If you’re reading this post before reading Part 1 and Part 2, don’t. That’s like reading the last chapter of a book first, and there’s a special circle of hell reserved for people like that.

To briefly recap: Almost a year ago, I left my position as an RV design engineer to become an RV repair technician. I attended the NRTVA in Texas to become a Certified RV Technician. While I was there, I patiently endured no end of ribbing about my previous position as an RV designer. Suffice it to say that most techs and RV owners are NOT impressed with the way RVs are put together! (nor am I).

As I look back on my first season as a mobile repair technician, I am struck by how little prepared I was for “the opposite side of the tracks.” You would think that as an RV engineer, I would enjoy an unfair advantage, that I could troubleshoot an air conditioner in my sleep.

The truth is, many of my prior skills didn’t really transfer over. My knowledge of the OEM supply chain hasn’t helped me much as an aftermarket dealer. My proficiency in Autodesk Inventor 3D modeling has yet to help me diagnose a wheezing furnace. Nobody has asked me to explain the difference between lumber-core and hardwood face frames. I don’t remember the last time I compiled a Pugh chart, wrote an FMEA, or released a CNC G-code program.

In fact, as an RV designer, I could often ignore the internals of the appliances: slide-out mechanisms, furnaces, water heaters, refrigerators – all the things that are the bread n’ butter of an RV technician. 

For example, consider the humble air conditioner. As a designer, I just needed to know the physical dimensions, roof location, matching thermostat, rooftop location, and power draw. There was hardly ever a need to peek beneath the shroud.
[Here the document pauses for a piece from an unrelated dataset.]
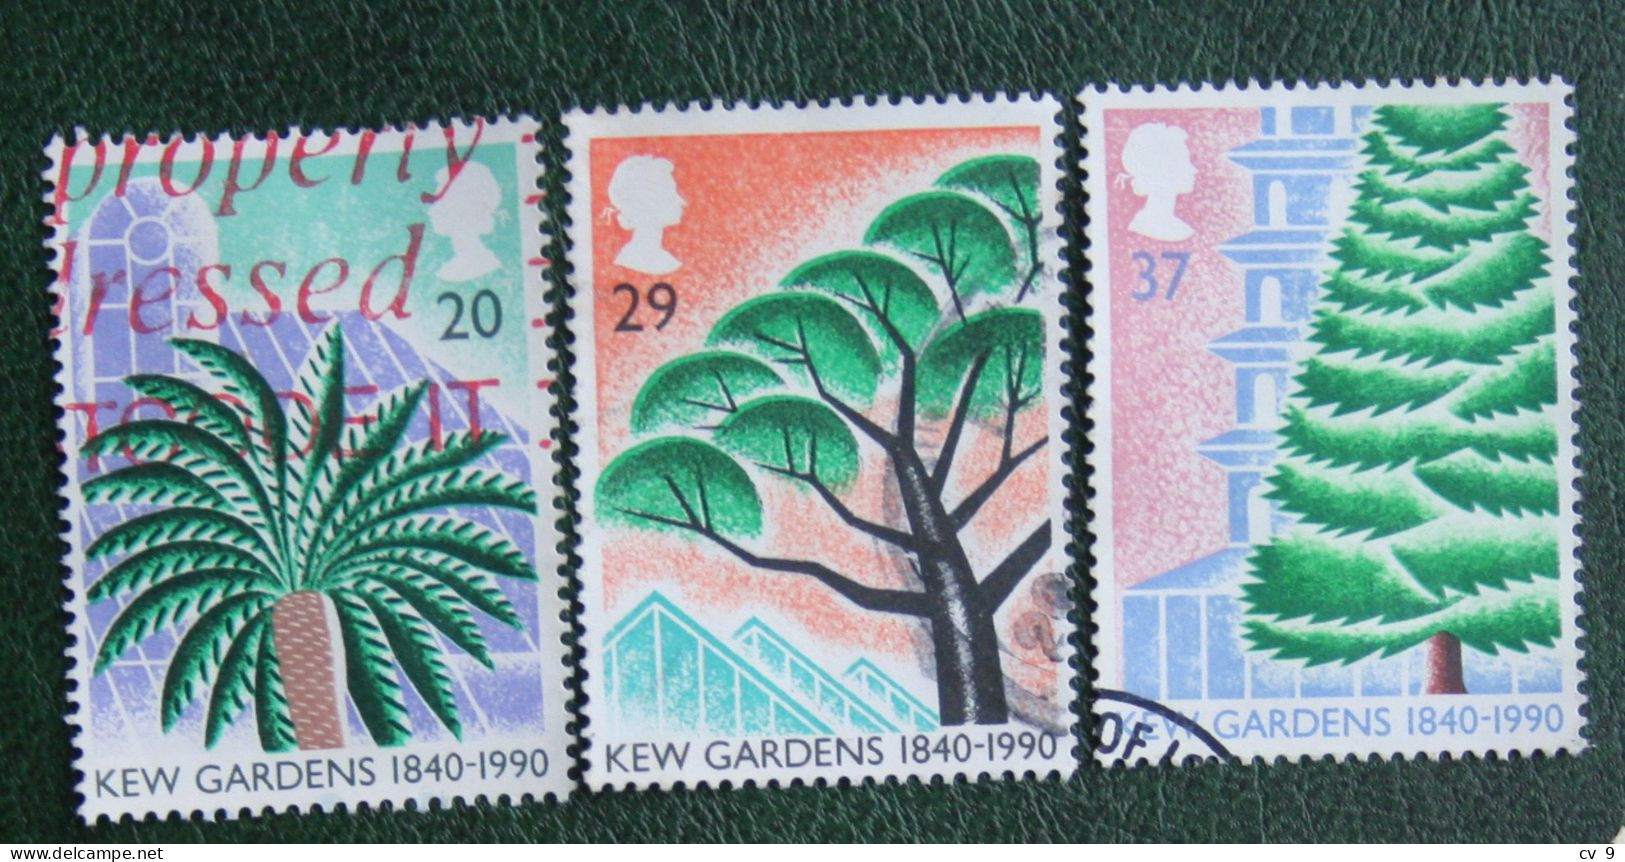 KEW GARDENS Tree Baume (Mi 1270-1271 1273) 1990 Used Gebruikt Oblitere ENGLAND GRANDE-BRETAGNE GB GREAT BRITAIN - Used Stamps

That was enough information for the floor plan, wire harness, etc. Same story for furnaces, water heaters, etc. If an appliance didn’t work, we got an RMA. Other than that, you made it fit and you ran wires to it (I’m vastly oversimplifying, but you get the idea). 

As a technician, my responsibility is reversed. I have zero say in how and why the RV was designed the way it was. Instead, I spend all my time digging around the appliance internals! Compressors, evaporator coils, PCBs, reversing valves – these are components I never, ever thought twice about when simply installing the unit. But now, understanding the appliance internals is my full-time job.

Plus, all of my design experience was in towables, mostly travel trailers. You can imagine my initial confusion when troubleshooting my first Class A battery isolation manager (BIM)! I felt like I had discovered a new species. 

I’d be embarrassed to admit just how much technical information had leaked out of my head over the years. As a manufacturing engineer, I had sunk deeper into the business-y side of things (supply chain, production, etc.) rather than R&D. But I kept all my textbooks, so I stayed up many late nights reading about hydraulics, induction motors, KVL and KCL circuit laws, and other concepts that I had abandoned to grow moldy after my college years. Thankfully, the details returned as quickly as they departed. (And to be honest, I had to redo several articles on this website!)

I hate to steal an Eastern cliche, but I see the “RV Designer” and the “RV Technician” sides as yin and yang. If I had known more about appliance repair as a designer, I dare say I would have done a better job designing – and now, vice versa. Creative, generative thinking is a different but complementary skill than diagnostics and troubleshooting. Here’s hoping I can master both!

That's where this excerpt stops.